Investing In Real Estate
Fundrise or Crowdstreet
Technology has given investors opportunity to invest in ways never had before. Fundrise and Crowdstreet allow you to invest into commercial real estate and not have to have all the upfront capital to be sole owner. You are basically becoming part-owner of a selected property that you get dividends, and returns from. I have not used these applications before, but have heard good things. This would be great for an investor that does not have the capital to invest in real estate as a sole owner, but want to get involved in this market.
Buying a Duplex
Buying a duplex may not be the most sexy thing, but this can do wonders to building your net worth. For first time home buyers, if you bought a duplex you could live in one side and rent out the other. If you are not a fan of these, buy a rancher with a basement apartment you could rent out. The beautiful thing about buying a duplex is that it could potentially pay your mortgage each month if you pay the right price. This gives you more capital to invest in something else, or get your house paid off much faster than you ever thought possible. This can easily be one of the fastest ways you can build your net worth.
Flipping Houses
There are many potential avenues to making money with real estate depending on your financial situation. You can invest through traditional ways such as flipping houses. (This could potentially double as a Side Hustle and a Investment) Real estate can be one of the quickest ways to build wealth. If you have a little know how to work on houses, flipping them for a profit could be the right option for you. I grew up working with my Dad who did this for a living and was very successful at it. Here are some of the keys to make it work:
-Knowing your numbers
Always check comparable in the neighborhood to see if you are getting a good deal. You can use tools like Zillow that easily allow you to compare recently sold or listed houses. If you are flipping the house, you also need to account for all the costs of repairs. This may mean that you may have to settle for more cost effective fixtures, countertops, etc. Other important numbers you should think about are listing and realtor fees. They can add up when doing multiple transactions. If you are able to know your numbers, you are already starting off on the right foot.
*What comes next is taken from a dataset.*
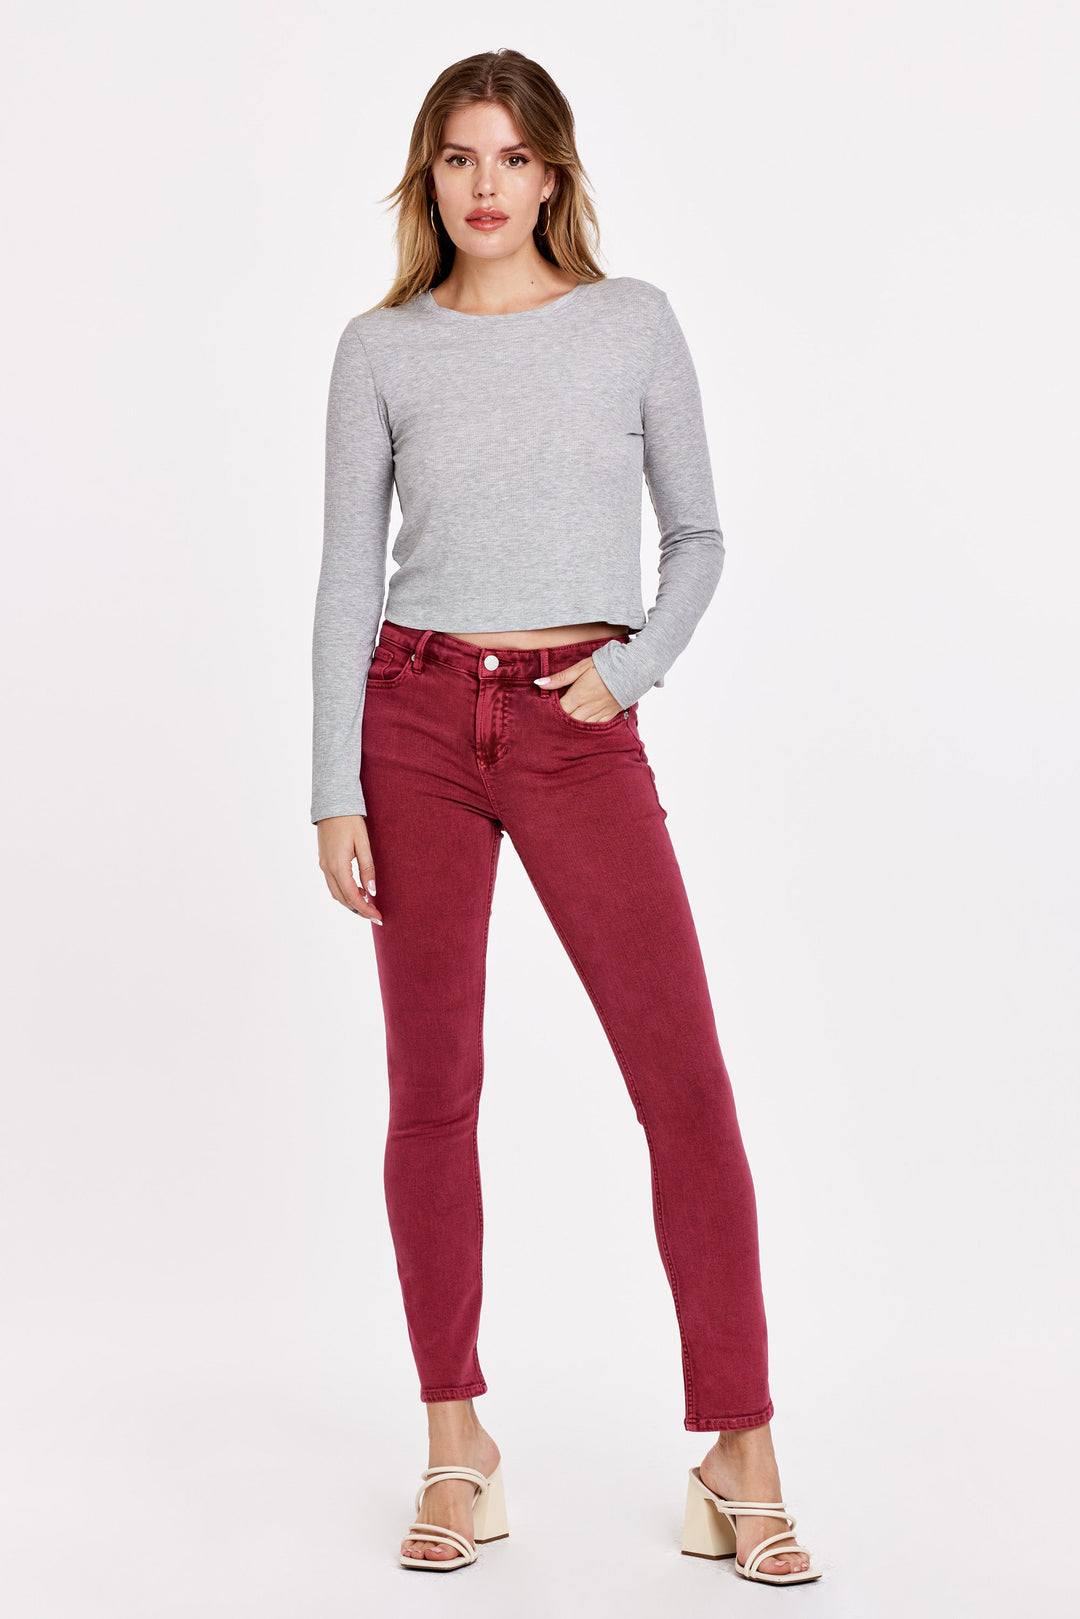 blaire-high-rise-slim-straight-jeans-ruby-falls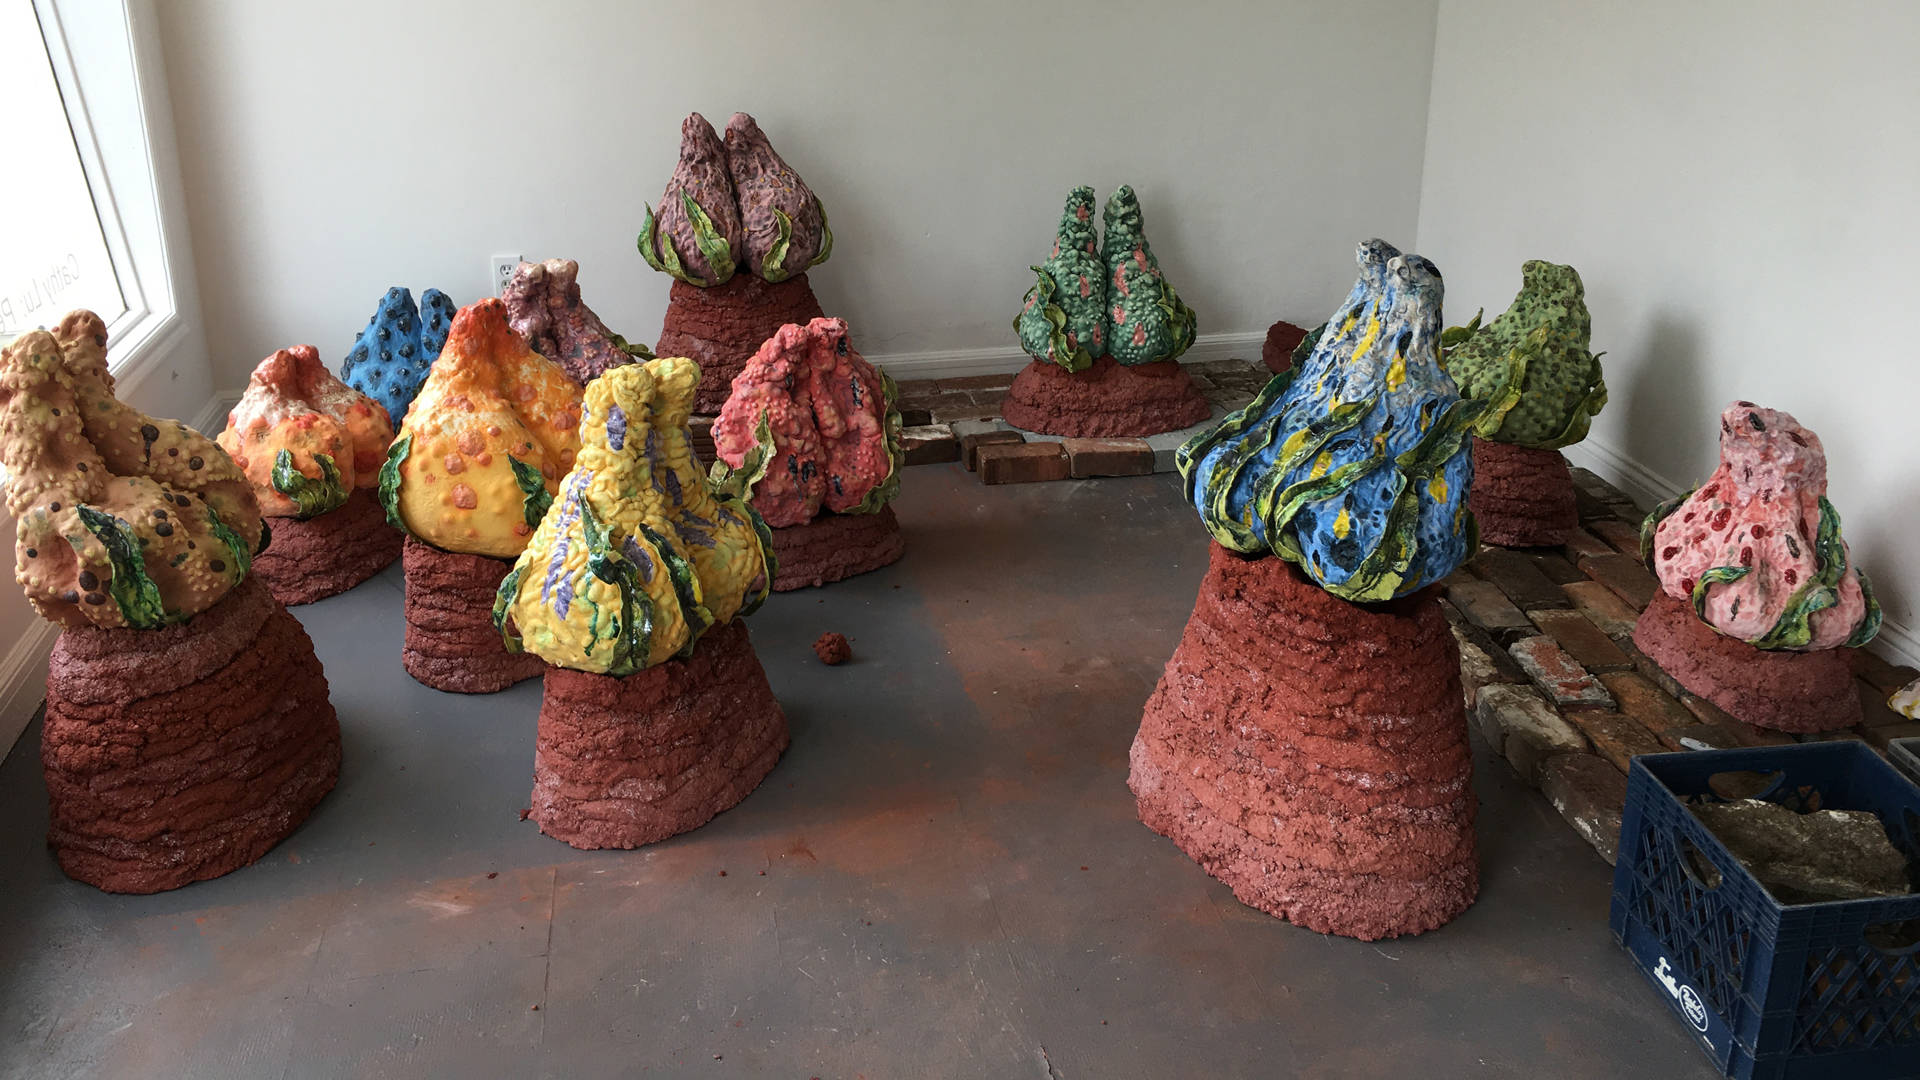 Cathy Lu's 'Peach Garden' mid-installation at Irving Street Projects. Courtesy of Irving Street Projects

-Knowledge in Home Repairs
I am a firm believer in being able to figure out things as you go, but this needs to be a must in order to make a profit. If you hire out all of your work, it will be extremely hard for you to make money. Contractors also will be able to tell when you don’t know what you are talking about, and could potentially take advantage of you without you knowing. Be vigilant, and know your skillset because this can be a massive undertaking.
-Time to spare
Be aware of the huge time commitment that this can be as well. Depending on the condition of the house it could take several months and even up to a year before you are able to finish. You will have to sit on what will seem like a capital sucker that doesn’t seem to generate returns. As long as you are good with these conditions, flipping a house may be right for you.